The whole point of retirement is being able to enjoy it, so another genius move is setting up your portfolio so that you are flexible enough and safe enough to respond to the unexpected without putting your retirement at risk.

“A robust emergency fund of 12 to 24 months of expenses [will] enable retirees to have available cash on hand for unforeseen expenses and risk-free funds to tap if the market performs poorly,” said Stephen Kates, CFP and principal financial analyst at Annuity.org.

Another way to build in flexibility is to create a bond or CD ladder that is tailored to your anticipated cash flow needs. A ladder is a strategy that invests in securities like bonds or CDs that offer a predictable income stream over different maturities.
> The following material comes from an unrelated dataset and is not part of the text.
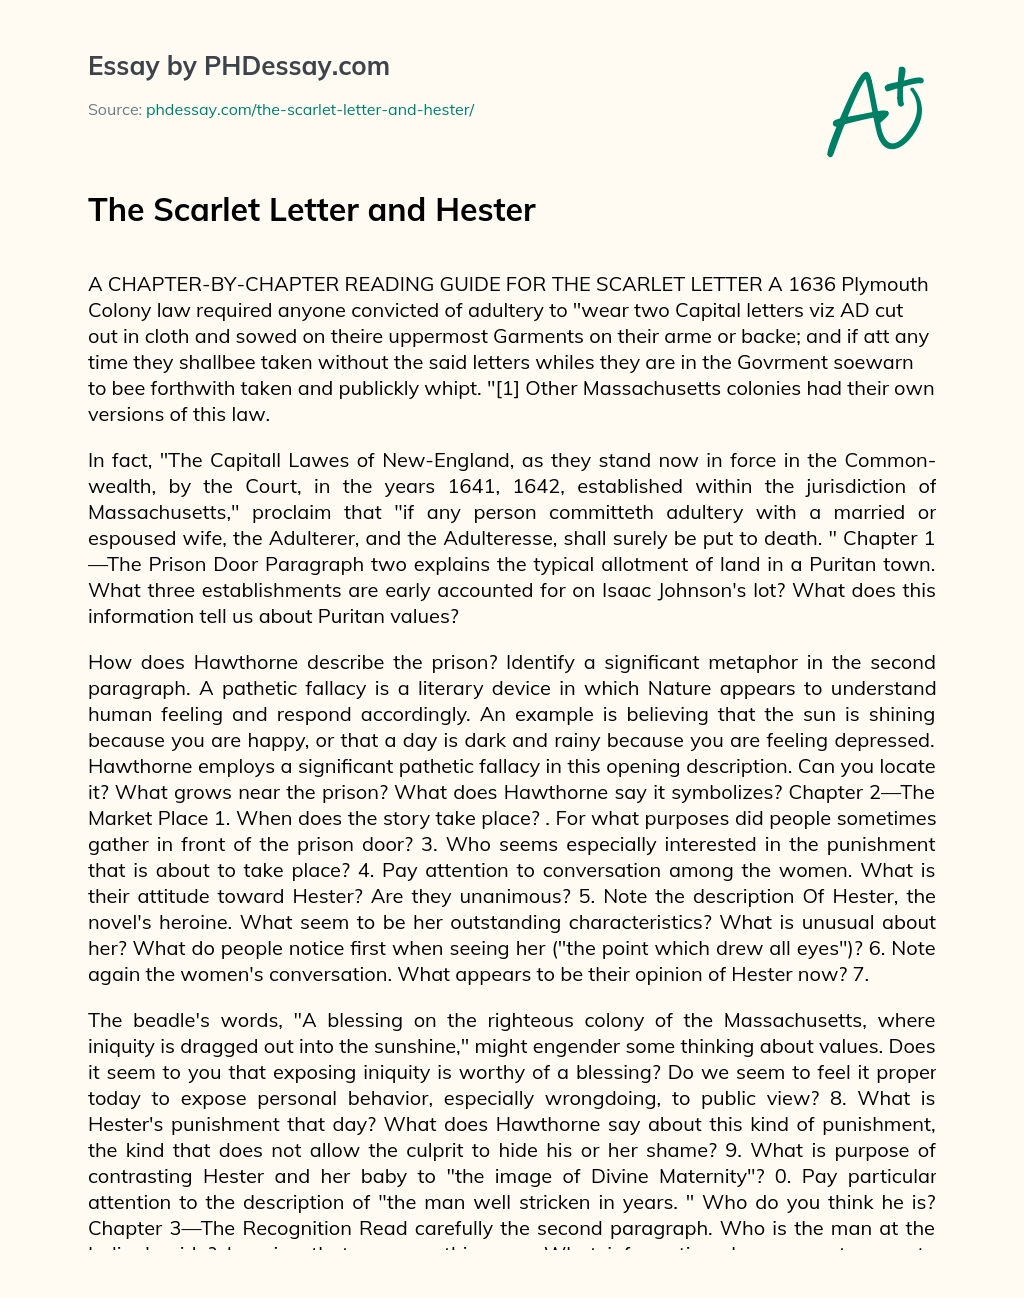 The Scarlet Letter and Hester essay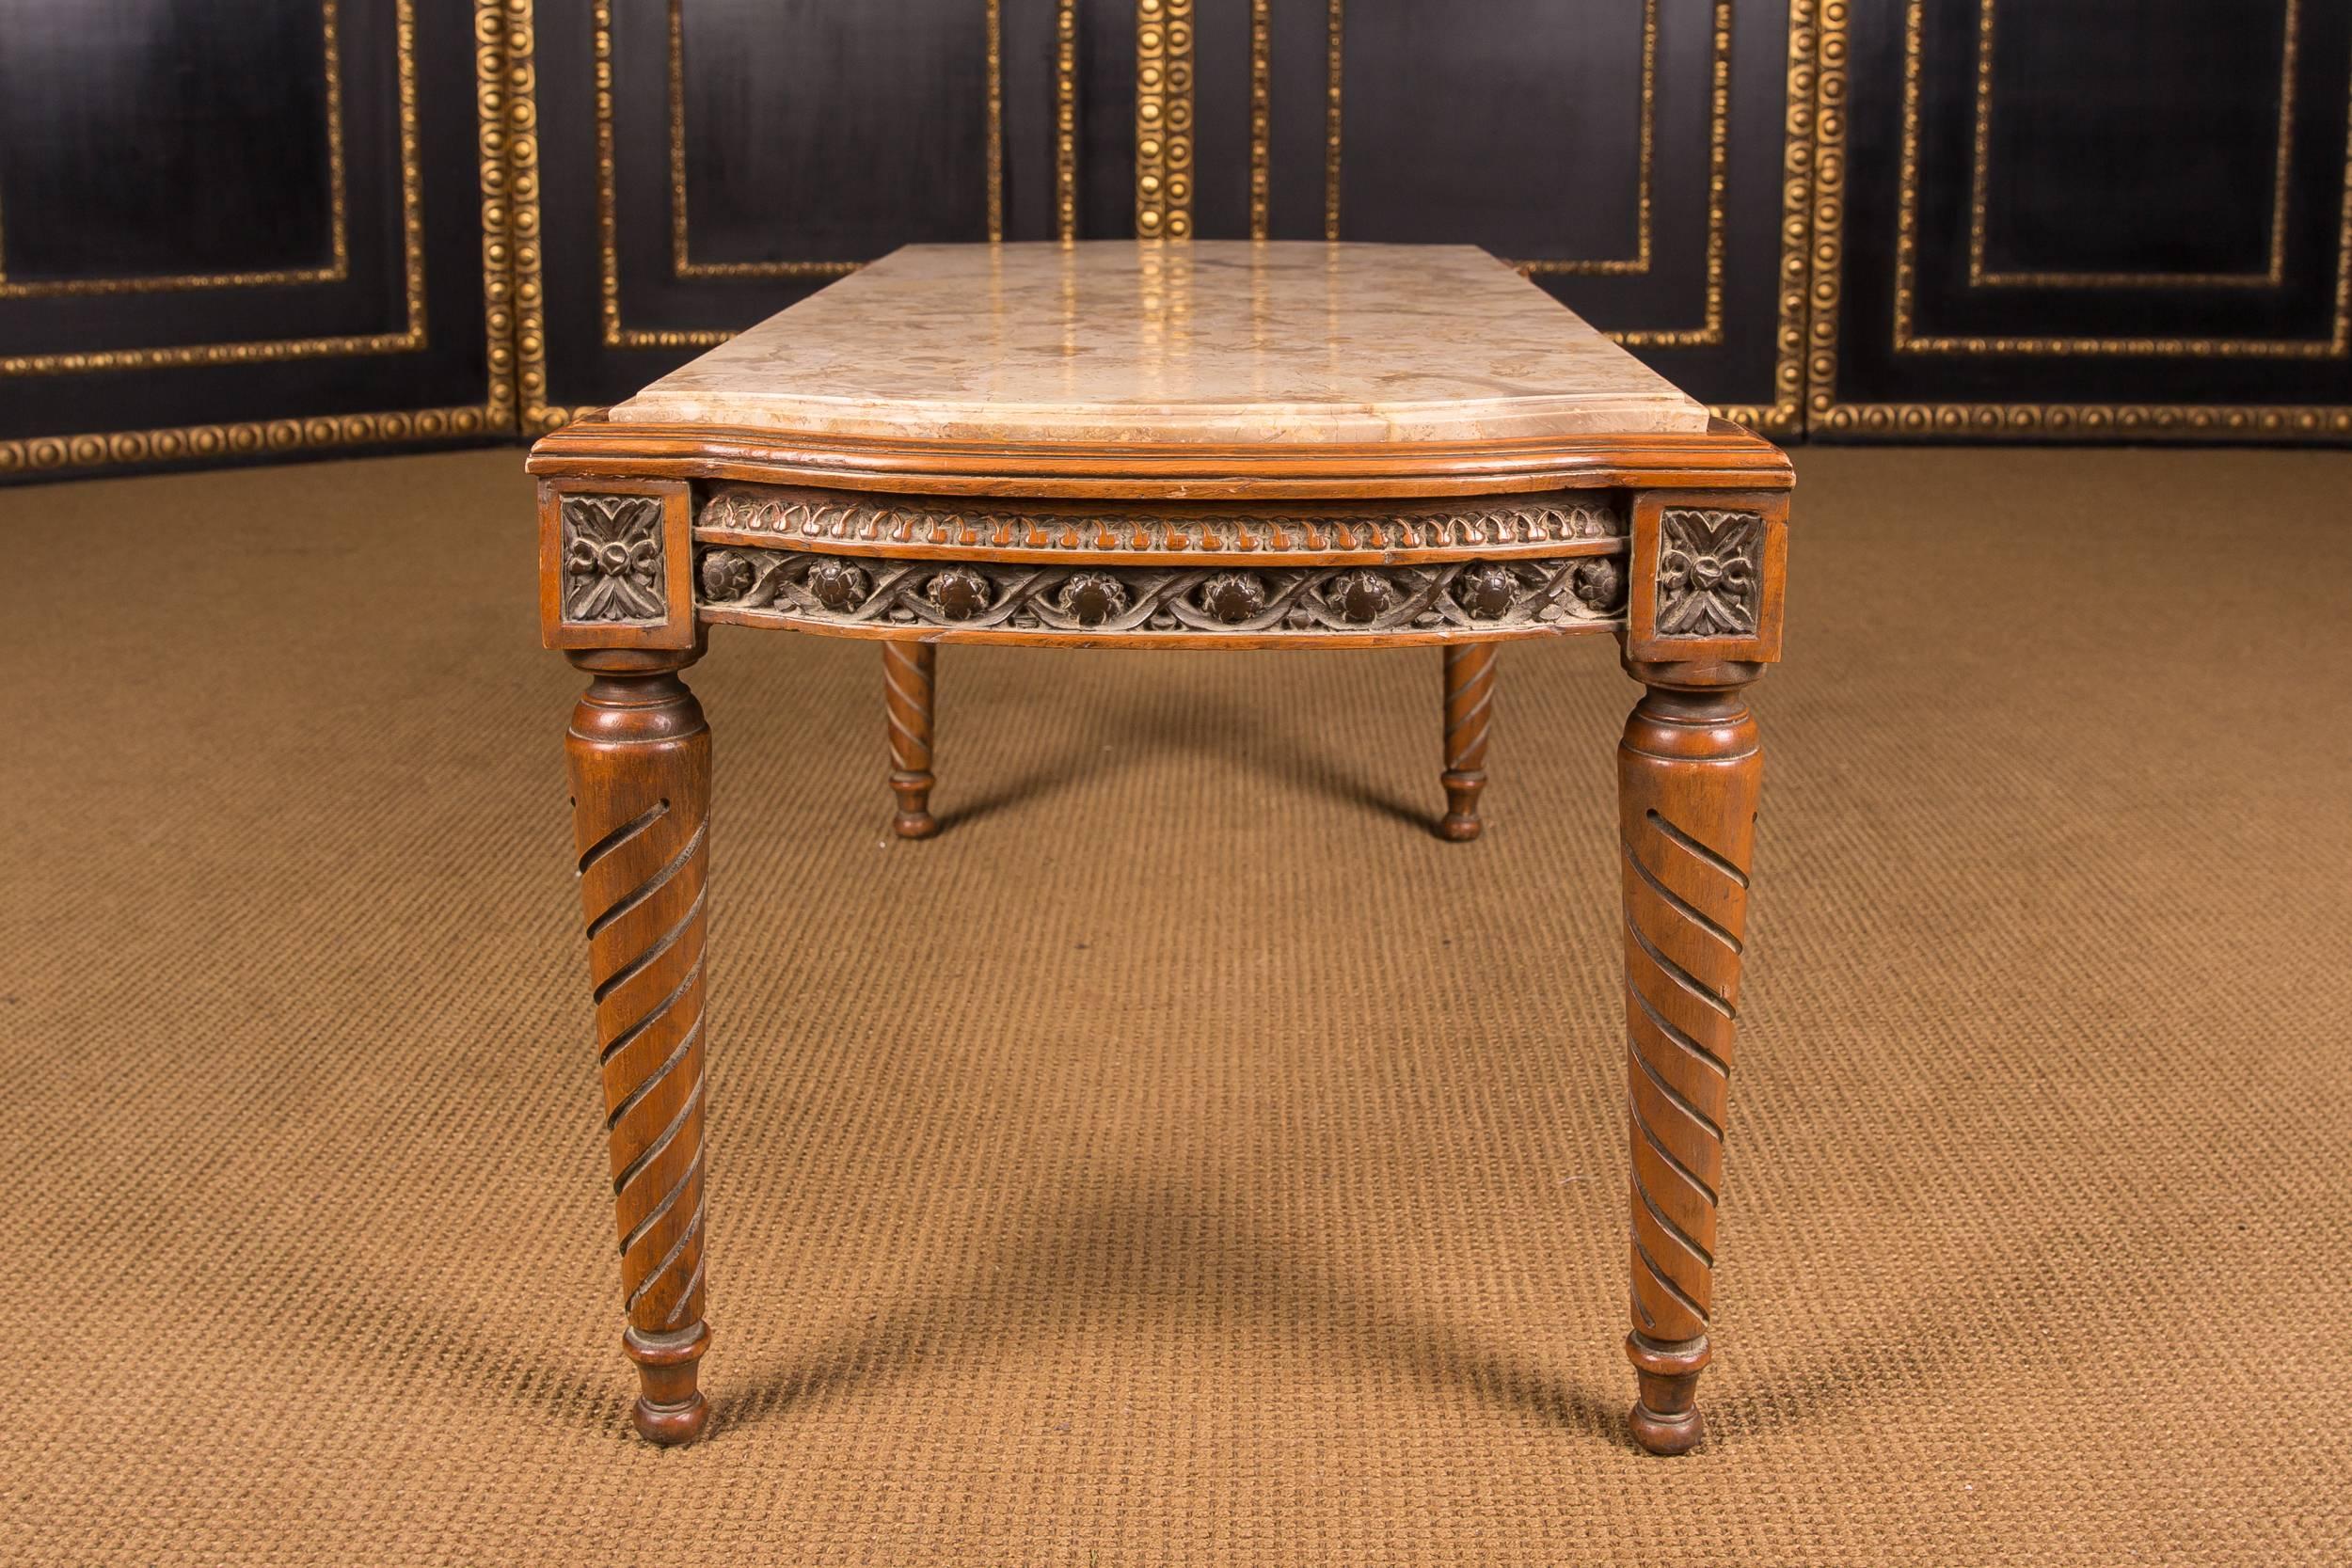 High Quality Table with Marble Top in Louis Seize Style (Handgeschnitzt)

“By doing so, you can help shield yourself from the fluctuations of the equity markets when you need to withdraw from your investments. For instance, if there’s a downturn of 20% in the equity markets, you are less likely to be forced to sell at a loss to cover your daily expenses. Conversely, if the equity markets perform well, you retain the flexibility to draw from that portion of your portfolio instead,” said Matthew Schaller, CFA, CFP and advisor at Moneta Group.

Lessen Your Risk, but Not Too Much

Everyone knows that as you get older your portfolio needs to be less risky. Just how much less risky it should be is less clear — for example, many investors will completely eliminate stocks from their portfolios. A genius investor understands that carrying some risk into retirement will actually work out to your benefit.

“Ironically, one of the biggest problems of retirees and near retirees is assuming too little risk and settling for lower long-term returns,” said Robert Johnson, PhD, CFA, and professor of finance at Creighton University’s Heider College of Business. “It is true that near retirement investors should derisk their portfolios to some extent (that is, moving from stocks to lower risk bonds). When a person is within a few years of retirement, say five years, they should begin to reduce their risk exposure in retirement accounts. A large downturn in the market immediately preceding retirement can have devastating effects on an individual’s standard of living in retirement,” Johnson said.

However, swinging the pendulum too hard in the direction of derisking can actually create a new risk — running out of money in retirement.

“Many investors fail to recognize that their time frame is much longer than they may believe. If one retires at 65, one may have a lifespan of an additional 30 years. Holding too conservative a portfolio can lead people to run an increased risk of outliving their assets,” Johnson said.